Так прошло недели две. Немцы не выпускали нас из деревни. С темнотой все затихало, ходить по улице не разрешалось, за нарушение – расстрел.
Тем не менее, все взвесив и кое что разузнав, мы собрались бежать, догонять удаляющийся фронт. Помню, как наметили одну из ночей. Бесшумно прокрались в комнату, где спал хозяин, взяли краюху хлеба, вылезли из хаты через окно. Впереди под луной белела дорога и плотина. Вдруг полное безмолвие и тишина. Как в холодную воду, бросились мы бежать по дороге. От страха душа ушла в пятки. Перебежали плотину, вошли в тень кустарника. Ждали долго Надю с Пашей, но они не пришли. Мария уговаривала меня бежать из деревни вдвоем, но я не согласилась. Надо было возвращаться. Уже не было пережитого страха, а только подавленность и усталость. Опять дорога и плотина, освещенные луной, через окно влезли в хату, положили на место краюху хлеба и легли спать на свой жесткий топчан. Днем узнали, что в ту ночь у хозяев Нади и Паши кутили староста и немцы. Выйти моим подругам к условленному месту было невозможно.
Так сорвался наш побег.
По полученным сведениям, фронт отошел далеко, вторично рисковать нам не было смысла, да к тому же через 2-3 дня всех нас и отпустили. Свобода пришла тогда, когда ее уже нельзя было с успехом воспользоваться.
Мы вышли из деревни группой человек девять-десять, и вскоре решили остаться втроем, отделиться от остальных, т.к. считали, что любое мероприятие обречено на провал при подобной численности. Собрали всех, объявили о своем решении и ушли. Вдогонку сыпались на нас проклятья Марии, обвинения в измене и даже в том, что мы, вероятно, собираемся остаться с немцами и служить им.
В садах Украины поспевает вишня, лето в разгаре. На пригорке возле дороги сидим мы – Надя, Паша и я. Со стороны может показаться, что мы местные крестьянки, такова наша одежда. Сидим и мирно разговариваем, но это только видимость. Мы ведь ряженые, мы в пути, нам нужно перебраться через линию фронта. Шли целые дни, Устали. Вечереет. Хочется сближения.
Вот тут мы, наконец, и открываемся друг другу. Надя – разведчица, Паша – связная.
Самолет доставил Надю на оккупированную Украину. Ночью она благополучно приземлилась на парашюте в лесу, пошла к сброшенной рации, но услышала голоса. Рация была обнаружена немцами. Наде удалось уйти незамеченной. Где-то в заранее условленном месте ее встретила Паша, являвшаяся связной и проводником. Вместе они пошли к линии фронта. По дороге их задержали румыны, погнали в тыл и, так же как и меня, поместили на ночлег в тот амбар.

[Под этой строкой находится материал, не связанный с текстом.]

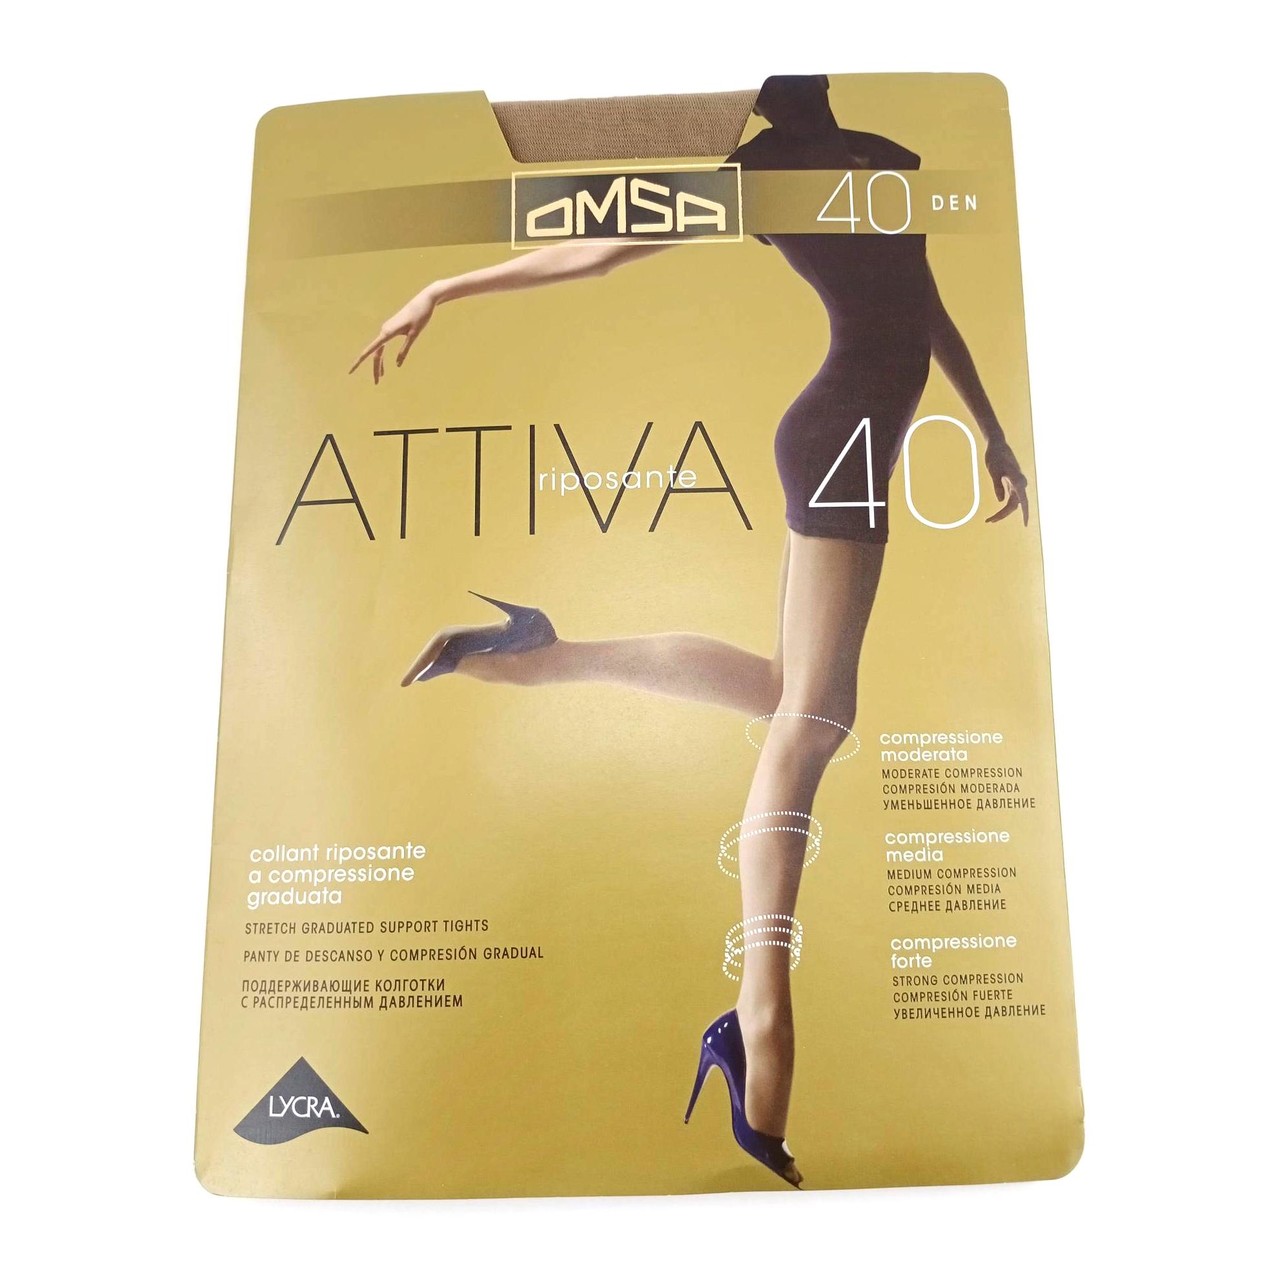 Колготки OMSA Attiva 40 den, цвет daino, размер 2 (S) купить за 350 ₽ в  интернет-магазине Mirichi.ru

Я рассказываю о себе. Читаю им свой фронтовой концертный репертуар. Мы полны решимости идти и идти, пока не переберемся к своим. Ведь наши близкие ждут нас.
Но скоро вернуться нам не удалось, а сколько было попыток! Приближались к фронту, иной раз совсем были у цели, но неизменно румыны, державшие передовые линии, отгоняли нас в тыл. Много дорог прошли мы вместе. Паша знала эти места и уверенно вела нас от деревни к деревне. Обе молодые женщины очаровали меня своим обаянием, оптимизмом и сердечностью. Меня восхищала находчивость Нади. Она не раз выручала нас из опасных положений. А ее способность быстро налаживать контакты с людьми была просто поразительной.
Вот пример: один раз мы благополучно прошли через какую-то деревню, но у самого выхода из нее дорогу нам преградил подвыпивший староста, стал расспрашивать, откуда и куда мы идем, а потом вдруг, внезапно изменившись в лице, в панике завопил: "На помощь! Партизанки! Партизанки! Держи партизанок!" Мы пытались успокоить его, но наши объяснения его не останавливали. Вцепившись в нас и продолжая звать немцев, он был в невменяемом состоянии. Что делать? И тут я стала свидетельницей таланта Нади. Спокойно, вразумительно и тихо она стала объяснять старосте его ошибку, ловко экспромтом сочинять нашу историю, даже шутила с ним, даже вроде бы сочувствовала его панике. Наконец, показала ему какой-то "липовый" пропуск, и негодяй на наших глазах стал меняться, приходить в себя. Закончился этот опасный эпизод тем, что староста пожелал нам счастливого пути! Потрясающе! А ведь мы были на волосок от большой опасности. Если бы не Надя, нас, возможно, замучили бы немцы! Вот какова была Надя Беребень!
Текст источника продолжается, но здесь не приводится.